Şimdi gelelim AIDA yani alışveriş süreci sonunda ne olacağına. Müşterinin ürün veya hizmeti satın almasının sürecin sonunu oluşturmadığını belirtmiştim. CRM 2.0 yaklaşımına göre alışverişten sonra müşteri hakkında edindiğimiz bilgileri arşivleyip bir kenara kaldırmamamız gerekiyor. Burada sormamız gereken ilk soru, “müşteri bizden bir kez alışveriş yaptıysa bir daha yapmasını nasıl sağlayabiliriz? sorusudur. Yani tekrarlı alışveriş mümkün müdür? Seçmen açısından baktığımızda sorumuzu bir sonraki seçimde o kişi yine bize oy verir mi? diye de sorabiliriz. Bunun tek yolu “dileriz öyle olur” demek yerine müşteriyi alışveriş sonrasında da takip etmektir. Aldıktan sonra ne yaptı? Memnun kaldı mı? Bir şikâyeti var mı? Başka birine tavsiye etti mi? Bu ve benzeri soruların cevaplanması için takip şarttır. Benzer şekilde bu takibin de sosyal medyada gerçek zamanlı ve sürekli olarak ölçülmesi önemlidir. 
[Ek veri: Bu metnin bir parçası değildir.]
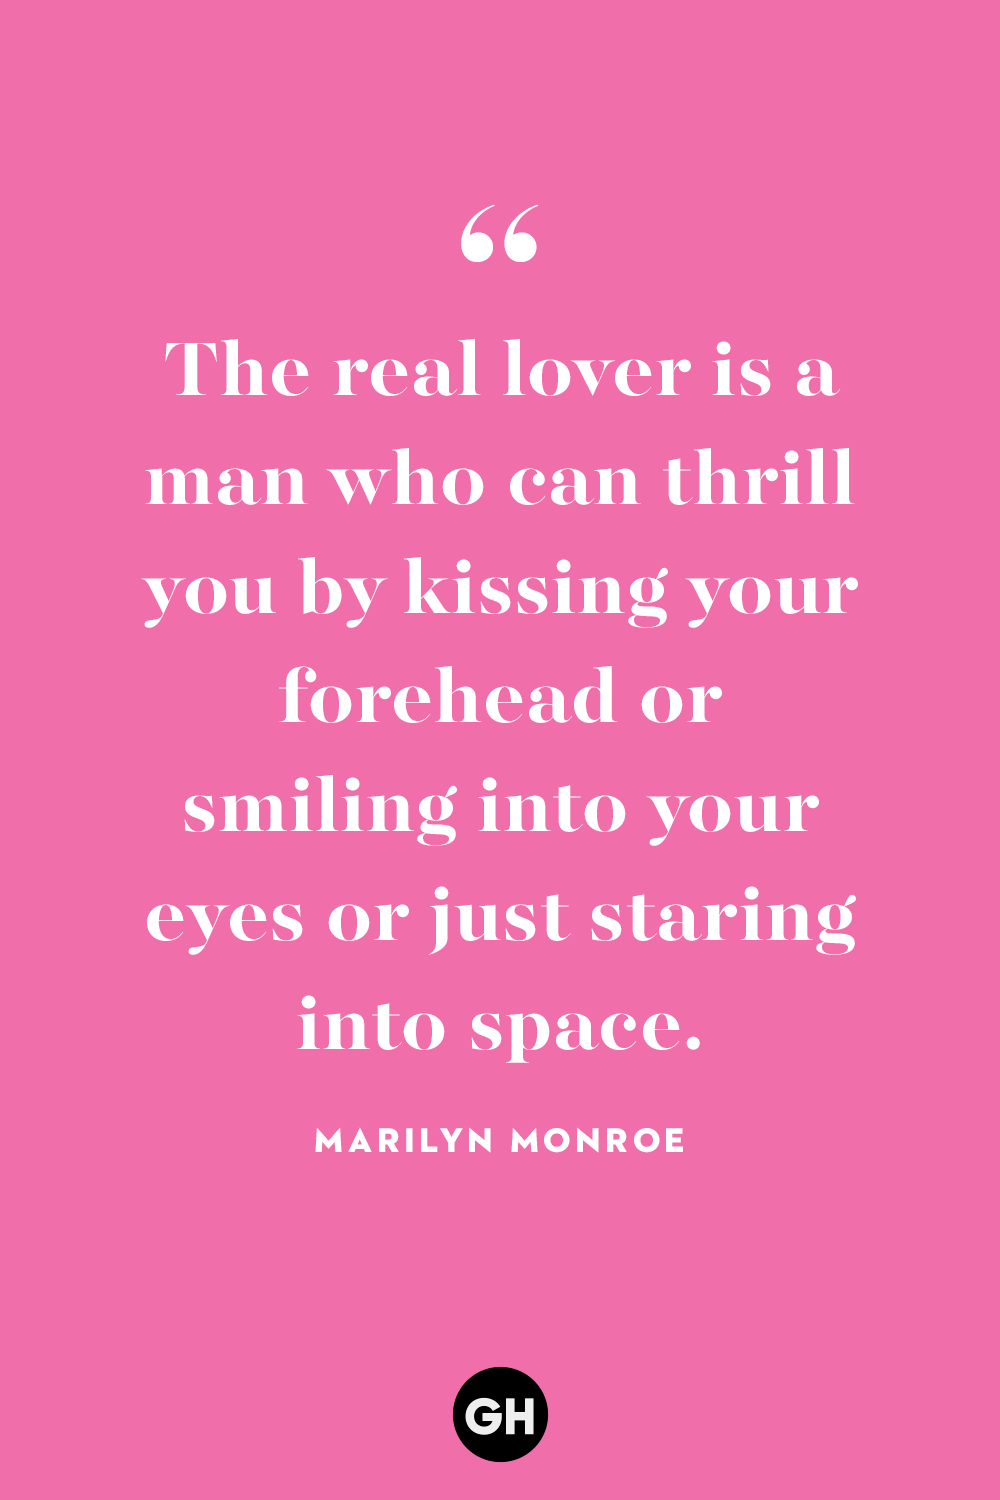 smiling love quotes

Genişletilmiş AIDA süreci olarak da tarif edebileceğimiz bir süreçte müşterinin alışveriş öncesinde sırasında ve sonrasında anlık ve sürekli olarak izlenmesi, günümüz dinamik müşteri ilişkileri yönetimi için hayati bir rol oynamaktadır. 

Madalyonun diğer yüzünde, müşterileri sürekli takip etmek için kullanılan algoritmaların kişisel verilerin korunmasına (KVK) yönelik olarak önemli bir tehdit oluşturması problemi yer almaktadır. Geldiğimiz noktada, KVK konusunda belirli bir düzeyde farkındalık olmuşmuş olmakla birlikte katedilecek uzun bir yol olduğunu söylemekte fayda var. Bu konuda neler yapılabileceği ile ilgili düşüncelerimi algoritmalar ve sosyal medyadan bahsettiğim önceki yazılarımda bulabilirsiniz.